Ergonomic

Ergonomics (also called human factors) is an applied science that makes the user ccntral to design by improving the fit between the user and the product. There are products that have a people-machine interface during manufacture, during use in service, and if maintenance is required. Required may be height, reach, force, and operating torque that are acceptable to the user. Postures and lighting should be considered; there are products that must be a delight to use. Potential users must be consulted.

Product designs are developed to fit both the physiological and psychological needs of the user. Ergonomists examine all ranges of the human interface, from static measurements and movement ranges to users' perceptions of a product. This interface involves both software (displays, electronic controls, etc.) and hardware (knobs, grips, physical configurations, etc.) issues.

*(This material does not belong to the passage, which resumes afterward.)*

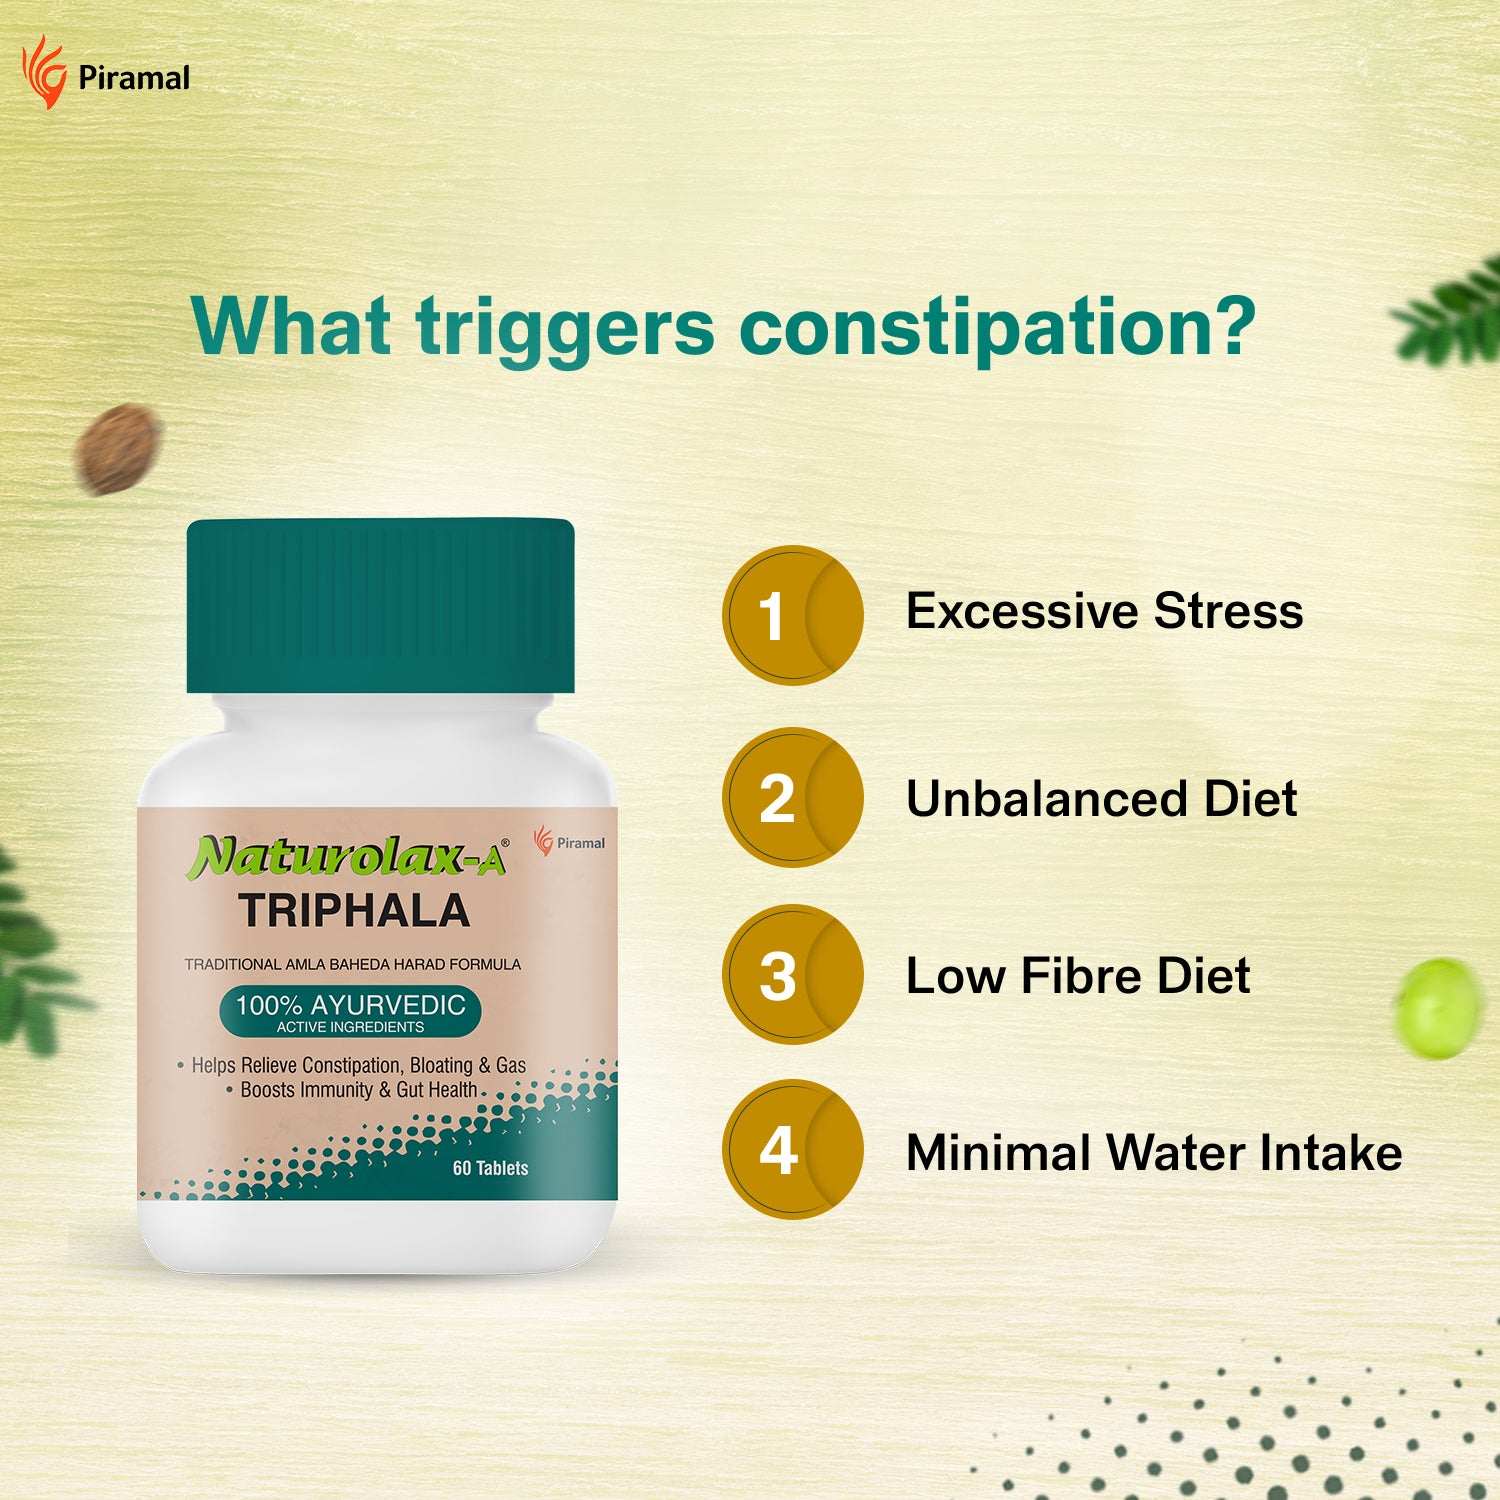 Naturolax Triphala uses

Ergonomics includes concept modeling and product design, job performance analysis, functional analysis, workspace and equipment design, computer interfaces, environment design, and so forth.

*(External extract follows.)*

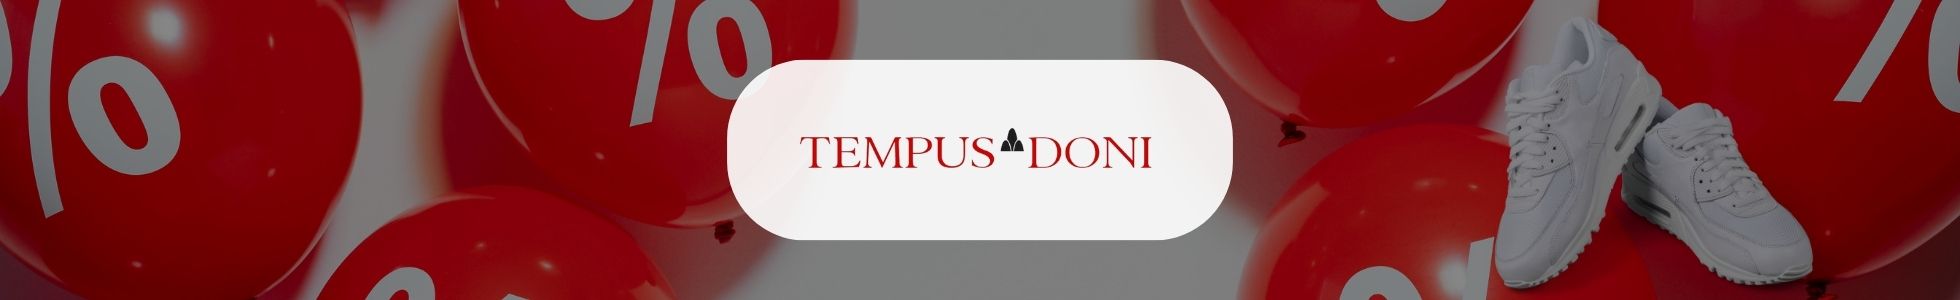 Tempus Doni - shop online calzature

The true basis of ergonomics understands the limitations of human performance capabilities relative to product interaction. These limitations are either physical or perceptual in nature, but all address how people respond to people-made designs. Such interface analysis is crucial to establishing a safe and effective system of operation or environment for the user.

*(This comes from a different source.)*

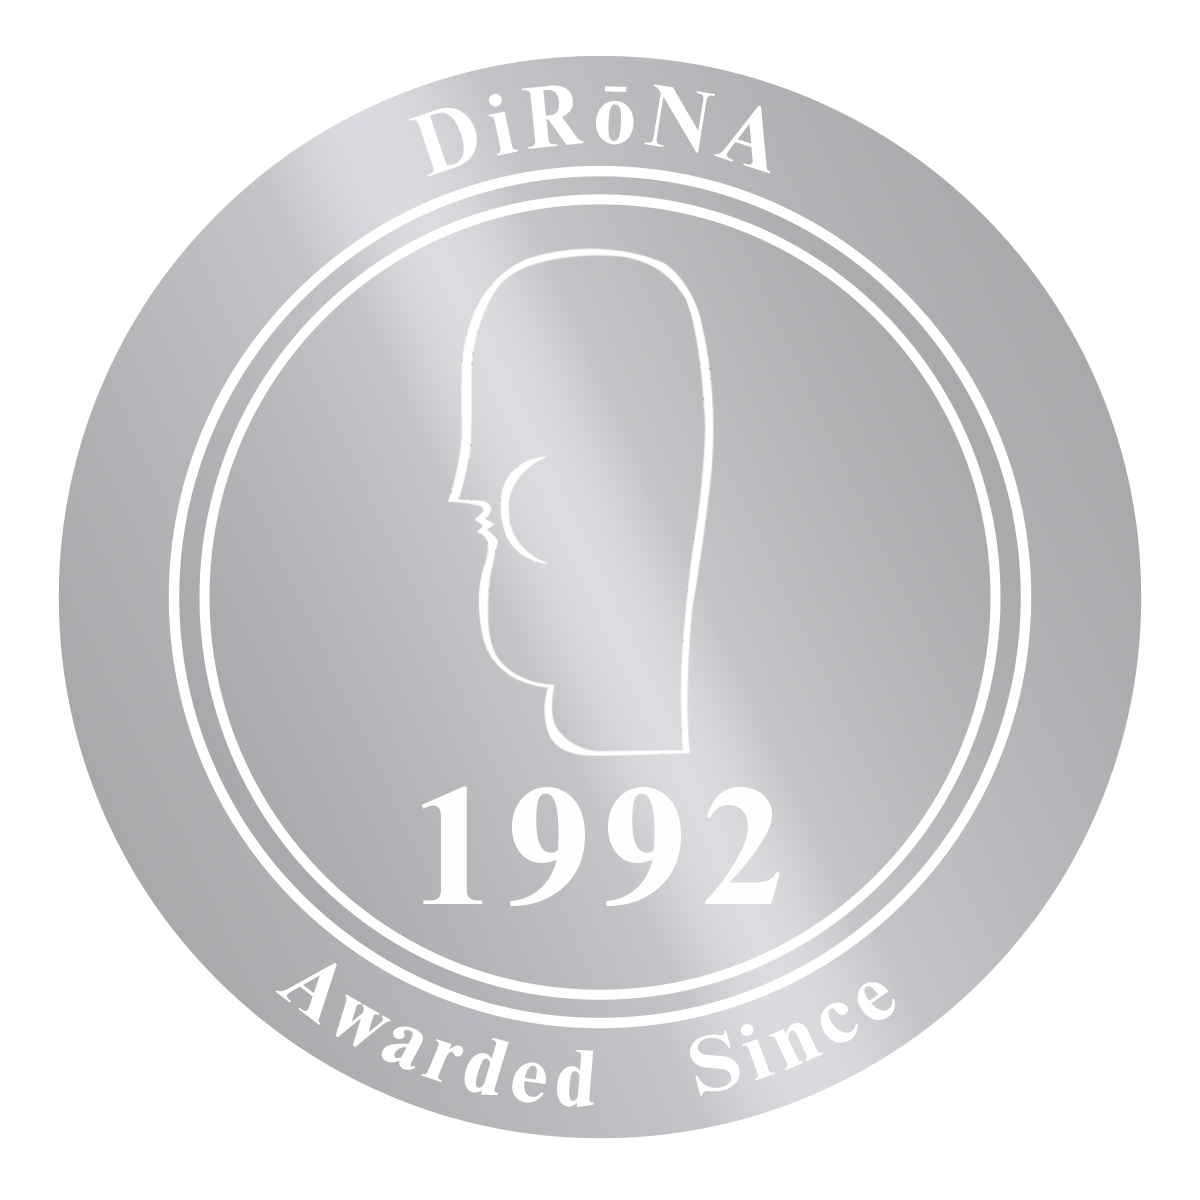 DiRoNA Awarded Restaurant Distinguished Restaurants of North America Badge

Industry studies have shown there are cost-benefit advantages in using ergonomic programs. Recognize that the cost of corrections to a poorly designed product geometrically increases throughout the development process. Therefore, human factor specialists should begin working with engineers and designers in the early stages of product development. When ergonomists are called in to fix a product that has already been sent to market and failed, costs will escalate. A manufacturer's decision to adopt an ergonomic orientation will serve to reposition its products from a commodity-based supplier to a supplier of high-value products. Integrating ergonomics into a design program ensures more comfortable, safe, and productive design solutions and a better overall product for the end-user.